Sex steroids and vascular responses in hypertension and aging

Gend Med. 2008:5 Suppl A:S46-64. doi: 10.1016/j.genm.2008.03.006.

Abstract

Background: Sex hormones play a significant role in human physiology. Estrogen may have protective effects in the cardiovascular system, as evidenced by the decreased incidence of cardiovascular disease (CVD) in premenopausal compared with postmenopausal women.

Objective: This review highlights the acute and long-term effects of sex hormones on the vascular endothelium and vascular smooth muscle (VSM) in adults. Changes in the sex hormone mix, their receptors, and their effects on vascular function in hypertension and aging are also discussed.

Methods: Literature collected from the National Centers for Biotechnology Information as identified by a PubMed database search, as well as our experimental work, was used to highlight current knowledge regarding vascular responses to sex hormones in hypertension and in aging.

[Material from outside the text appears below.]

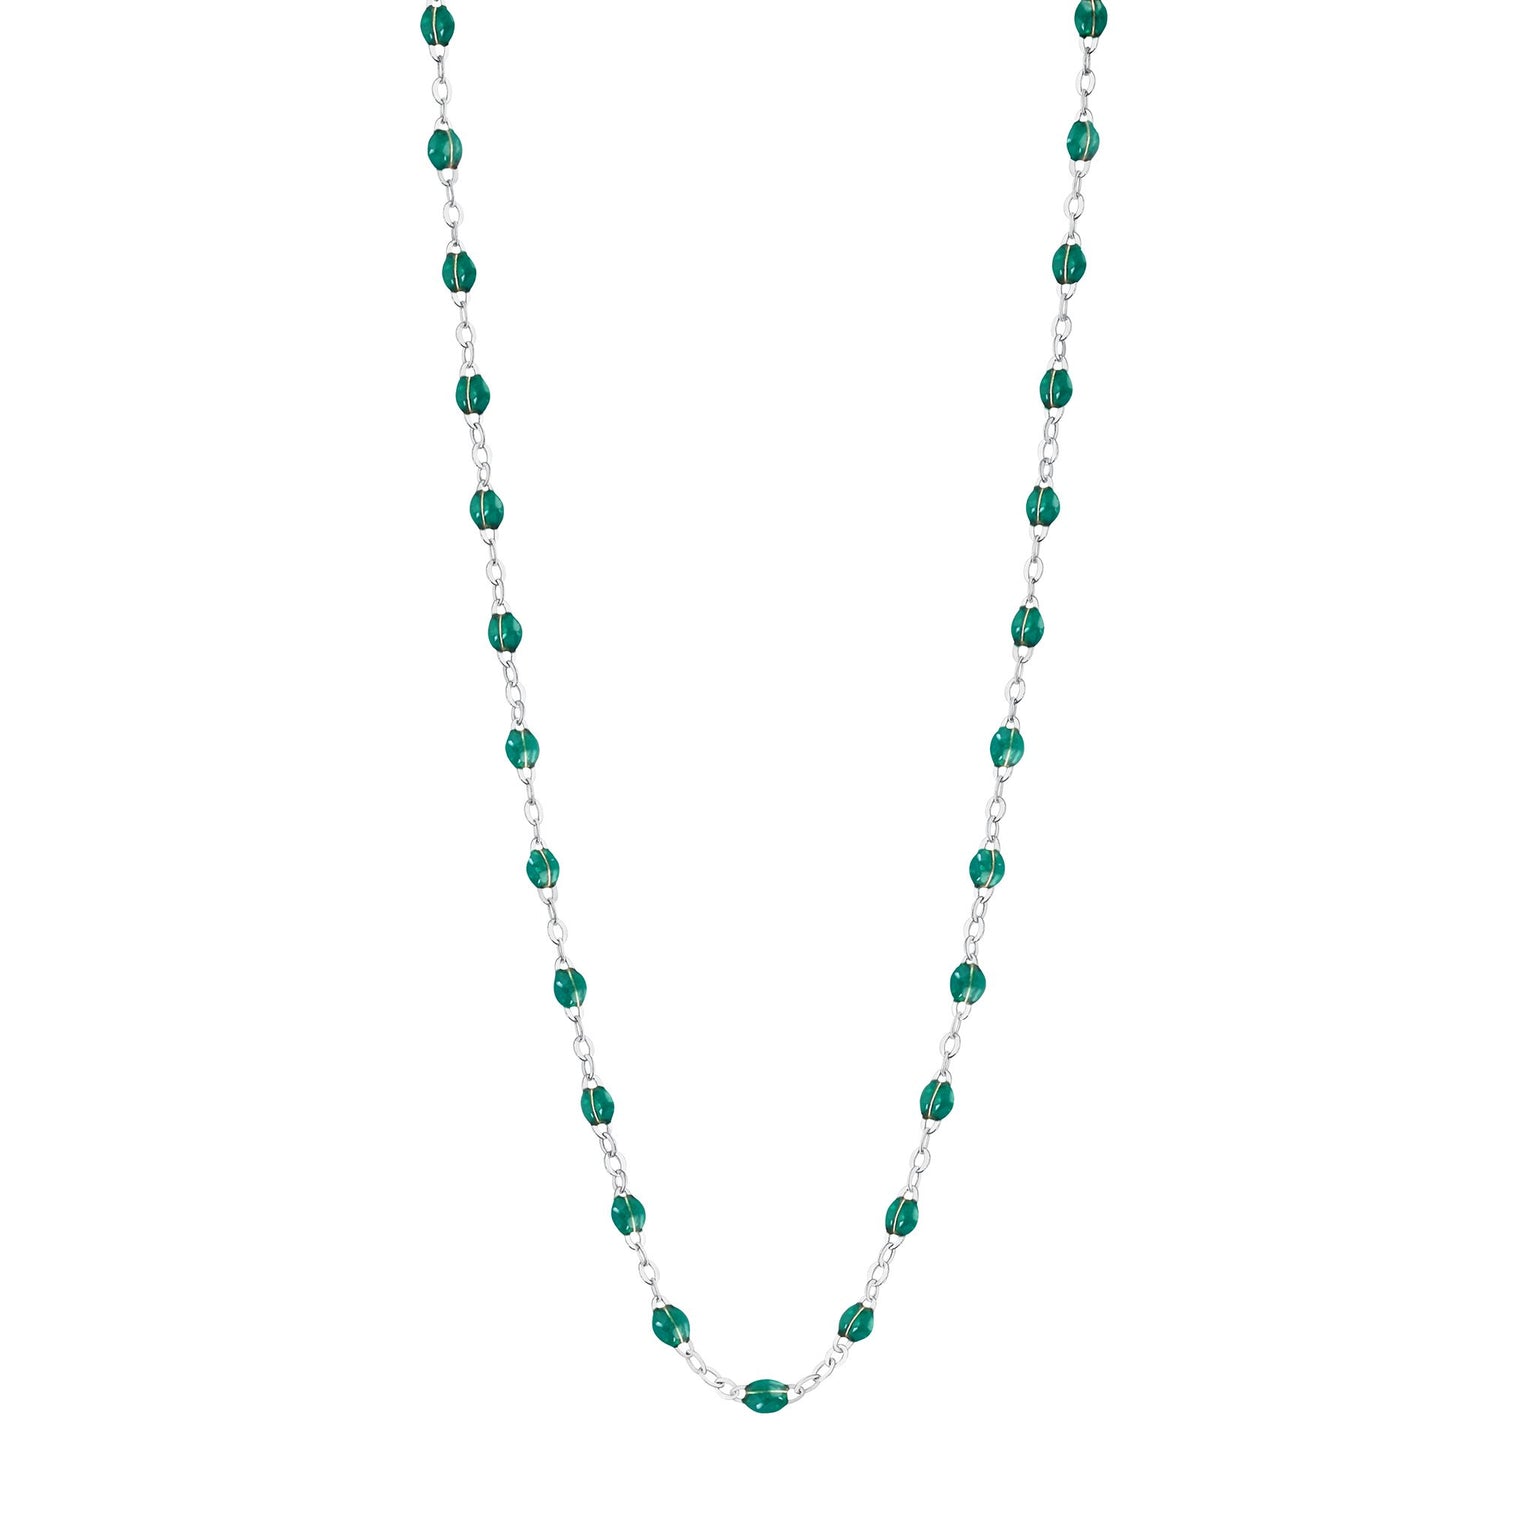 Beleza Necklace with Heart Emerald, I Diamond | 0.91 carats Heart Emerald  Heart Pendant in 14k White Gold | Diamondere

Results: Experiments in adult female animals have shown that estrogen induces endothelium-dependent vascular relaxation via the nitric oxide (NO), prostacyclin, and hyperpolarization pathways. Also, surface membrane estrogen receptors (ERs) decrease intracellular free Ca2+ concentration and perhaps protein kinase C-dependent VSM contraction. However, clinical trials such as the Heart and Estrogen/progestin Replacement Study (HERS), HERS-II, and the Women's Health Initiative did not support the experimental findings and demonstrated adverse cardiovascular events of hormone therapy (HT) in aging women. The lack of vascular benefits of HT may be related to the hormone used, the ER, or the patient's cardiovascular condition or age. Experiments on vascular strips from aging (16-month-old) female spontaneously hypertensive rats have shown reduced ER-mediated NO production from endothelial cells and decreased inhibitory effects of estrogen on Ca2+ entry mechanisms of VSM contraction. The age-related decrease in ER-mediated vascular relaxation may explain the decreased effectiveness of HT on CVD in aging women.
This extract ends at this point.